Revieve
- Company type: Private
- Industry: Technology, beauty
- Founded: 2016
- Headquarters: Helsinki, Finland
- Key people: Sampo Parkkinen (co-founder, CEO); Gavin Weigh (co-founder, COO); Samuli Siivinen (co-founder, CTO);
- Website: revieve.com

= Revieve (company) =

Software-as-a-service company in Finland

Revieve is a Software-as-a-Service company that develops artificial intelligence (AI) and augmented reality solutions for the beauty and wellness industry.

== History and background ==
Revieve was founded in 2016 by Gavin Weigh, Sampo Parkkinen, and Samuli Siivinen. It was initially launched with its AI Skincare Advisor.

In 2021, Revieve expanded its global presence through partnerships in more than 40 countries, including collaborations with Yon-Ka (North America, France), Boots (UK) Edgewell Bulldog Skincare (North America), AS Watson (UK, Netherlands), SKIN FIRST (Italy), Babor (Germany), Garancia (France), Faces (Middle East), Myntra (India), Shiseido (EMEA region), and Boost Lab (Australia). In the same year, the company introduced the Revieve Skin Coach, a platform for skincare routines, and the AI Makeup Advisor, which provided digital makeup experiences and virtual try-on and full-look recommendations.

In 2022, Revieve and Shiseido launched an AI-powered makeup advisor that used facial feature analysis to offer a virtual makeup experience, allowing users to visualize different makeup looks in real time. The company partnered with the Swedish cosmetic company Kicks to provide its AI-powered advisor services in the same year. By 2024, Revieve had included MatsukiyoCocokara (Japan), Dr’s Secret (Singapore), Marionnaud (Switzerland), JC Penny Beauty (USA), and Super-Pharm (Israel) as its partners.

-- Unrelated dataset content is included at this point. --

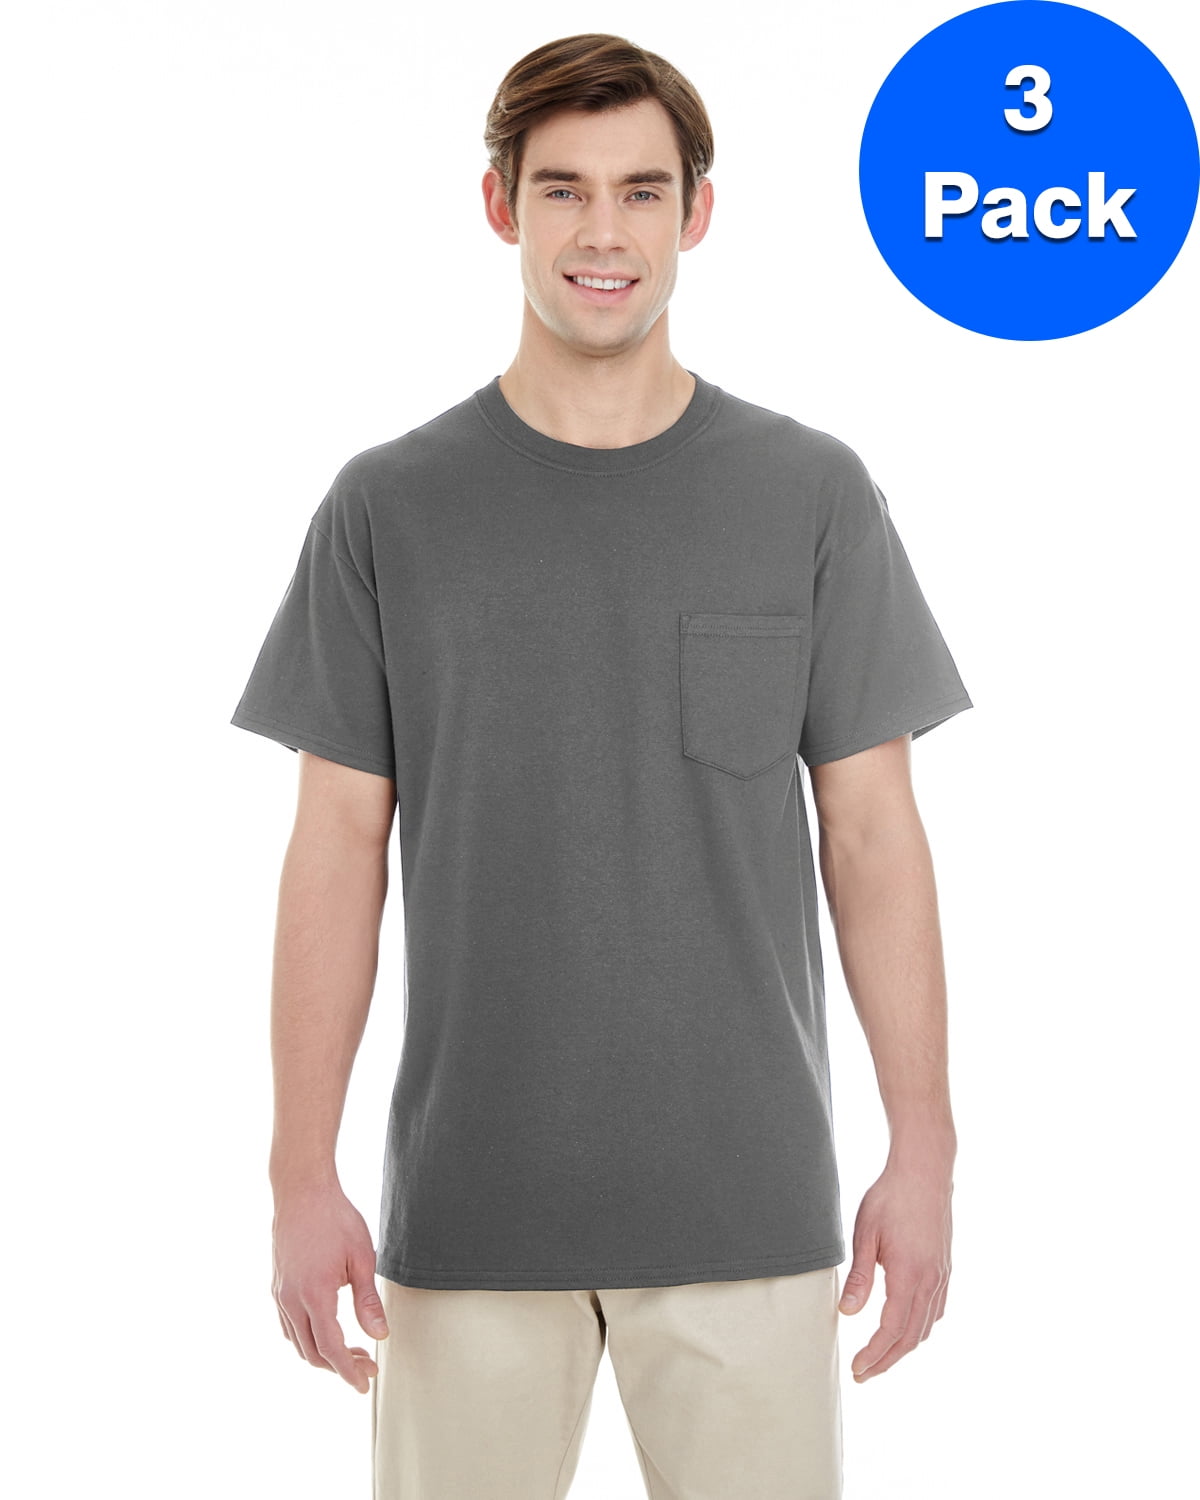 Mens Heavy Cotton T-Shirt with a Pocket 3 Pack - Walmart.com

In 2023, Revieve launched a beauty technology platform on Google Cloud Marketplace, providing AI-powered tools for skincare and makeup. The company also announced a global strategic partnership with Google Cloud to integrate generative AI and data analytics into its services.

In 2024, Revieve introduced the Next Gen AI Advisor series, a set of generative AI tools for skincare, makeup, and haircare, built on Google Cloud’s Vertex AI platform. The company also released its first generative AI solution specifically for the beauty industry, enabling automated, data-driven beauty consultations. Revieve inked partnerships with RoC Skincare (France, US) and Barefaced (US) to support RoC AI  Skin Insight Tool and Barefaced AI Skin Coach in the same year.

Revieve provides AI-driven enterprise solutions that analyze user characteristics and preferences to generate recommendations. The AI Skincare Advisor evaluates skin conditions to create personalized skin care routines, while the AI Makeup Advisor utilizes facial feature analysis to provide makeup suggestions and virtual try-ons. The AI Haircare Advisor evaluates hair types and concerns to develop personalized haircare routines, and the AI Hair Color Artist enables real-time visualization of different hair colors. These solutions are integrated into e-commerce platforms, mobile applications, and in-store experiences.

According to company officials, it follows ethical AI practices, offering transparency in its AI design. Revieve also supports sustainability initiatives by providing tools to assist consumers. In 2024, the company received the Beauty Innovation of the Year Award from The Independent Innovation Awards and the Best Technology Solution Provider Award from the BeautyMatter NEXT Awards. Revieve is also the recipient of the Collaboration Award from the Industry.beauty Awards.

As of 2025, the company is headquartered in Helsinki, Finland, with offices in Chicago, Valencia, and Seoul. Revieve has been serving customers worldwide across North America, Latin America, Europe, the Middle East, and the Asia-Pacific region.

== Products and services ==
Revieve offers different digital solutions to assist consumer experiences in the beauty and wellness sectors. Its platform uses advanced technologies to provide personalized services across different product categories. These include AI-powered tools for skincare, makeup, haircare, sun protection, and nutrition.

The AI Skincare Advisor and AI Skincare Advisor Pro offer personalized skincare diagnostics and product recommendations based on skin analysis. The AI Makeup Advisor, AI Makeup Artist, and AI Foundation Finder use facial analysis and real-time visualization to recommend makeup products. The AI Hair Care Advisor and AI Hair Color Artist offer personalized haircare routines and help visualize hair color transformations. The AI Suncare Finder recommends sun protection products based on individual needs, and the Nutrition Advisor provides AI-driven suggestions for nutrition and supplements.

Revieve's platform also incorporates technologies like Generative AI for hyper-personalization and predictive analytics, Shop by Inspiration tools such as Match My Look and Shop the Look, and Consumer Intent Discovery, adapting consumer preferences and recommendations. The platform integrates Beauty Fusion, which combines personalized beauty inspiration with interactive features, and extends personalization to beauty-related nutrition and supplements.